Güncelleme Tarihi:
Ergenekon Davası'nın tutuklu sanıkları Genelkurmay eski Başkanı İlker Başbuğ, ve CHP Zonguldak Milletvekili Mehmet Haberal avukatları aracılığıyla "3. yargı paketi" düzenlemeleri kapsamında tahliye talebinde bulundu.
ERGENEKON DAVASINDA BAŞBUĞ, BALBAY VE HABERAL TAHLİYELERİNİ İSTEDİ...

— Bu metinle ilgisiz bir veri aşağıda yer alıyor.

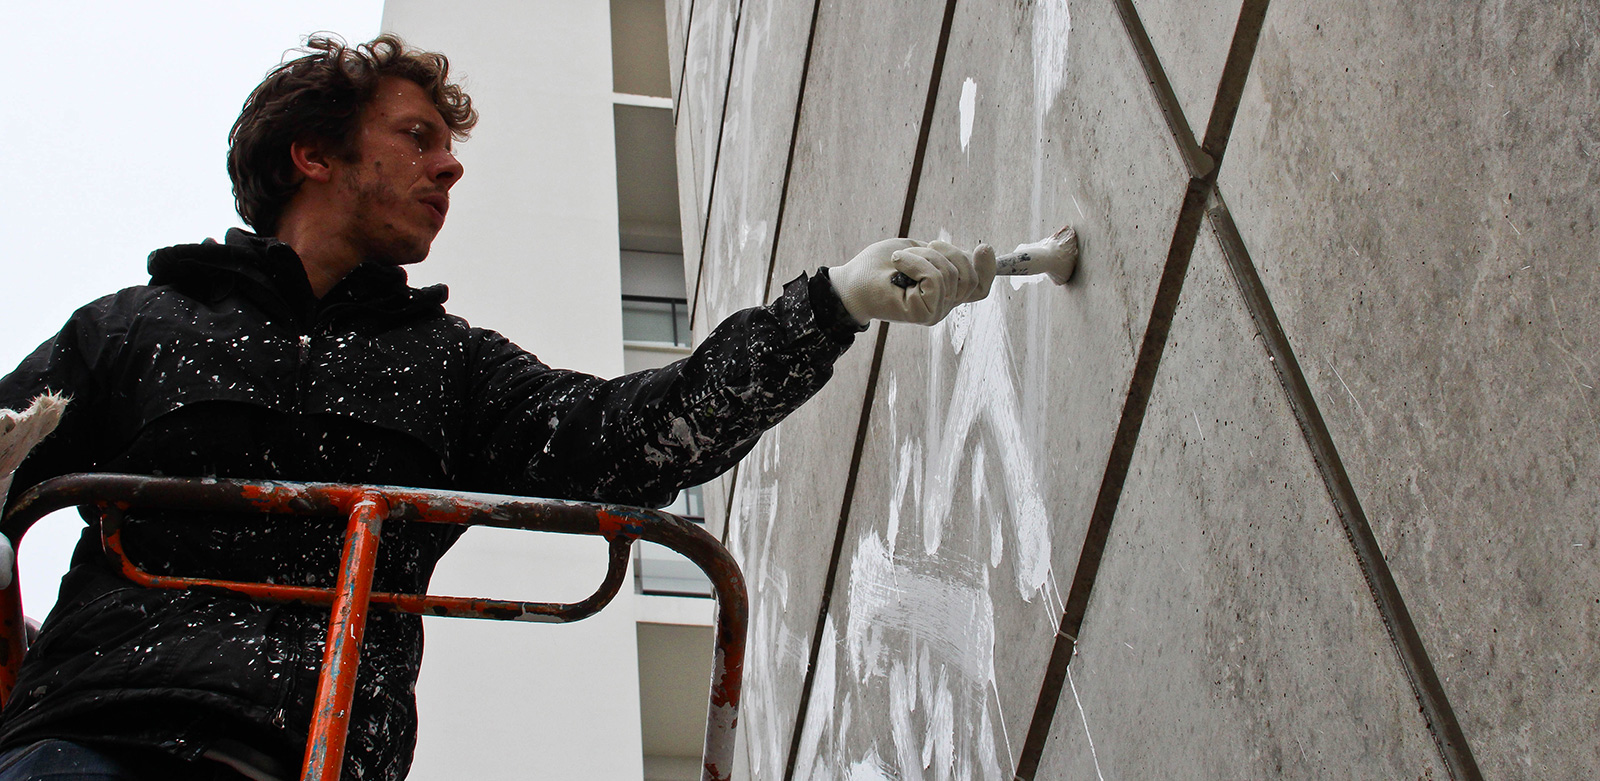 Lek-Sowat-DMV-da-mental-vaporz-graffiti-soldart-montana-bombe-spray-evry-paris-mur-peinture-nicolas-gzeley-10

İstanbul 13. Ağır Ceza Mahkemesi'de görülen Ergenekon Davası'nın 199. duruşmasında Mahkeme Başkanı Hüsnü Çalmuk akşam 17.30 sıralarında tanık Semih Genç’in ifade işleminin tamamlandıktan sonra kamuoyunda “3. Yargı Paketi" adıyla anılan 6352 sayılı “Yargı hizmetlerinin etkinleştirilmesi amacıyla bazı kanunlarda değişiklik yapılması ve basın yayın yoluyla işlenen suçlara ilişkin dava ve cezaların ertelenmesi hakkındaki kanun" kapsamında taleplerin alınacağını açıkladı. Söz alan Mustafa Balbay sözlerine "Öncelikle TBMM’de kabul edilen ve 120 sayfa olan 3. Yargı Paketinin okunmasını talep ediyorum" diye başladı. Yargı paketinde en çok tutukluluk sürelerini tartışıldığına dikkat çekti.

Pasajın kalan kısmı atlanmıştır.